Stored data:

┄┄┄┄┄┄

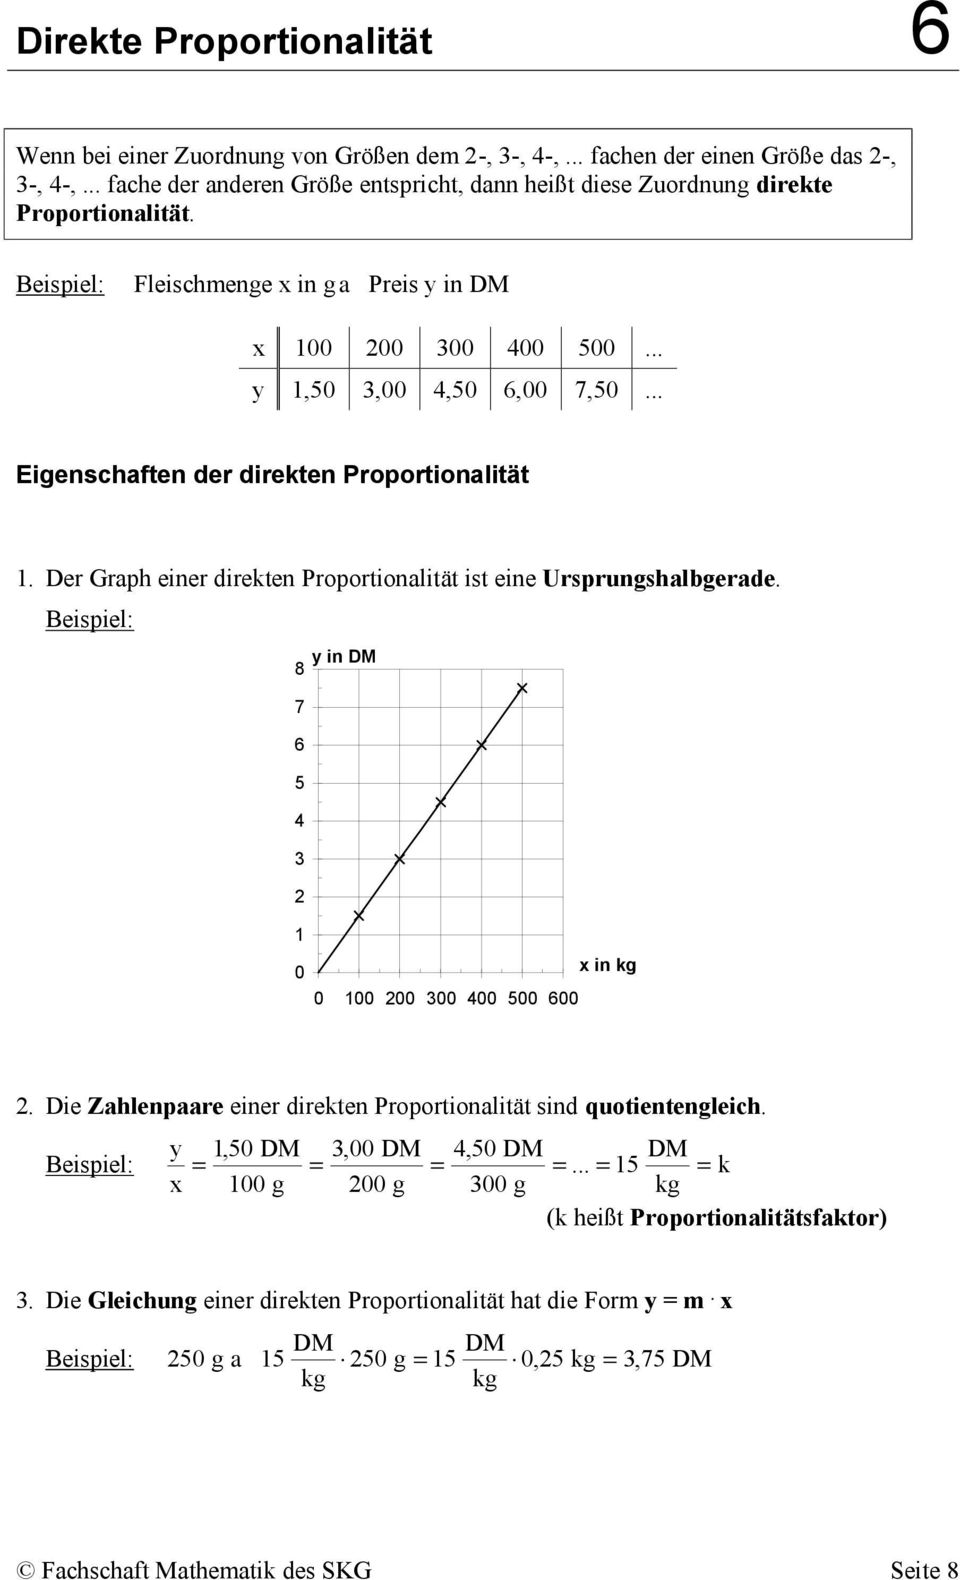 .. Eigenschaften der direkten Proportionalität. Der Graph einer direkten Proportionalität ist eine Ursprungshalbgerade. y in DM 0 x in kg 0 00 00 00 00 00 00.
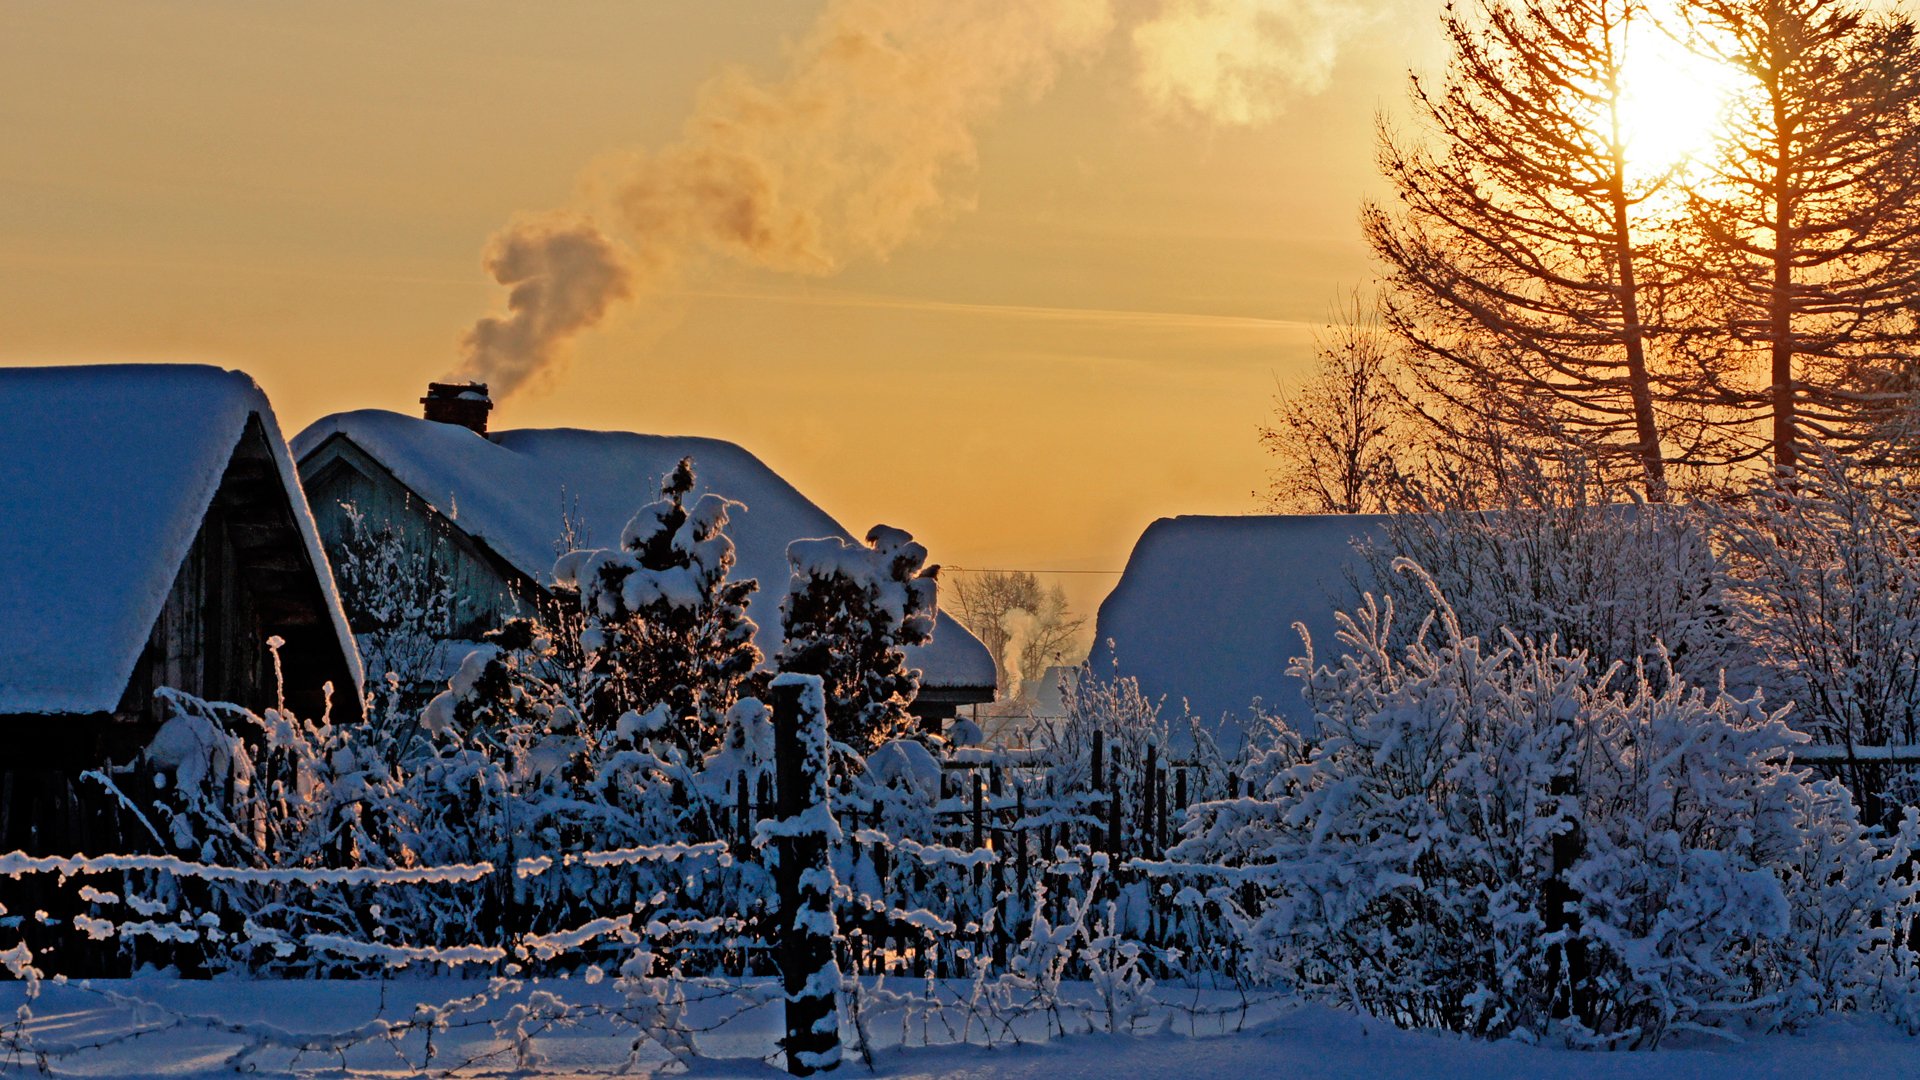 Природа зима деревня
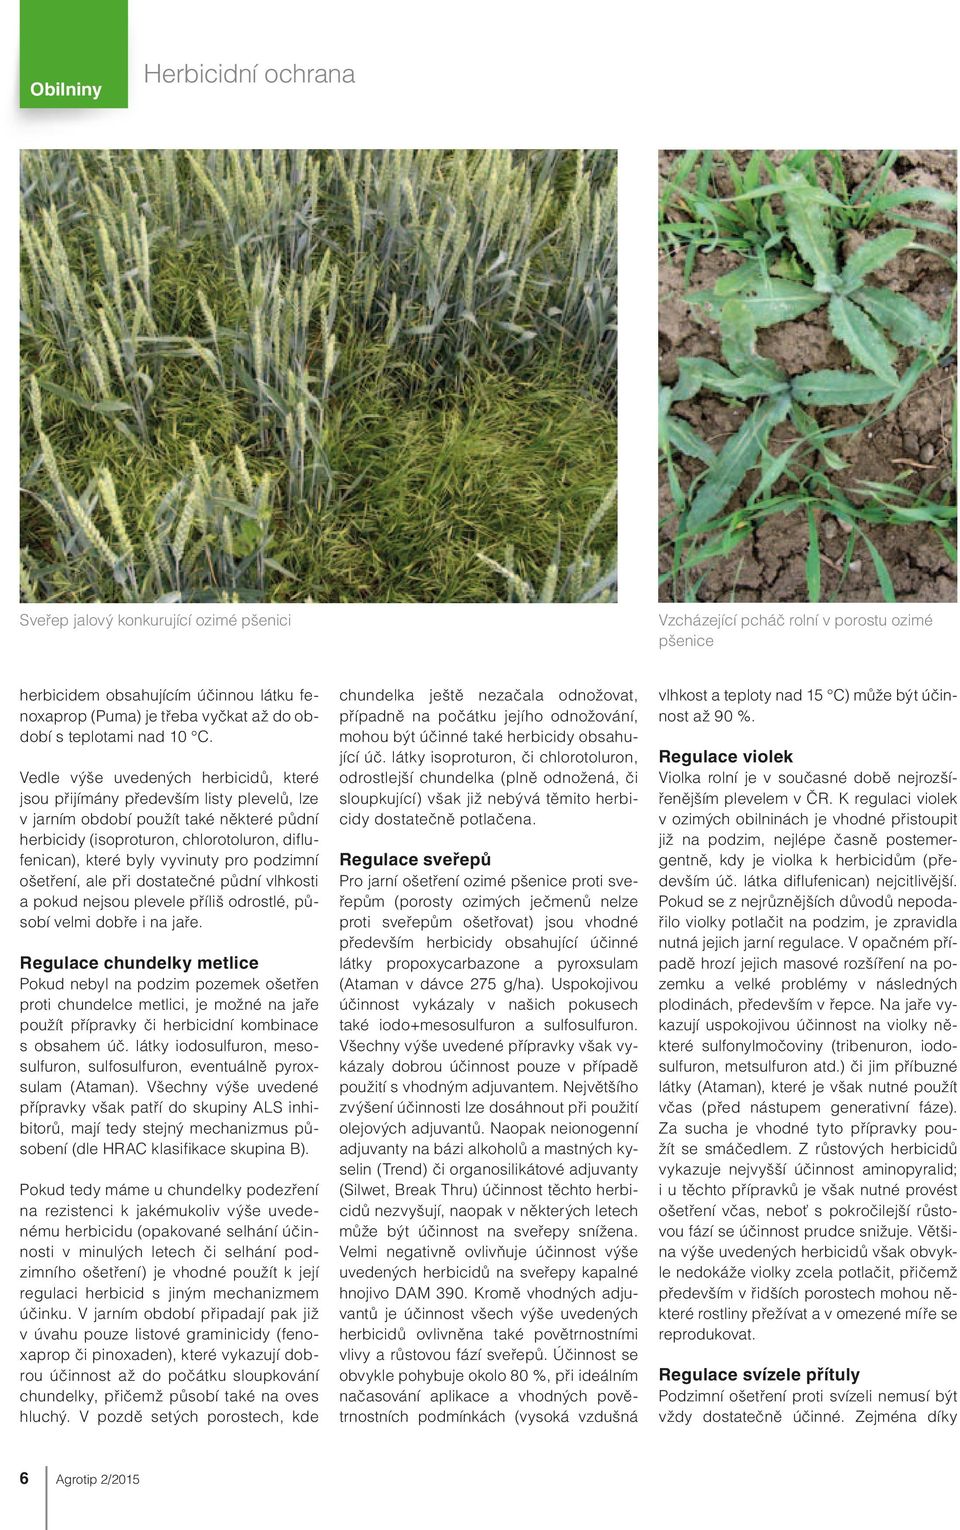 Vedle výše uvedených herbicidů, které jsou přijímány především listy plevelů, lze v jarním období použít také některé půdní herbicidy (isoproturon, chlorotoluron, diflufenican), které byly vyvinuty

┄┄┄┄┄┄

Exercise: Your answer must contain the full data, repeated exactly, without pictures.

Solved exercise:
 .. Eigenschaften der direkten Proportionalität. Der Graph einer direkten Proportionalität ist eine Ursprungshalbgerade. y in DM 0 x in kg 0 00 00 00 00 00 00.
 Природа зима деревня
 Vedle výše uvedených herbicidů, které jsou přijímány především listy plevelů, lze v jarním období použít také některé půdní herbicidy (isoproturon, chlorotoluron, diflufenican), které byly vyvinuty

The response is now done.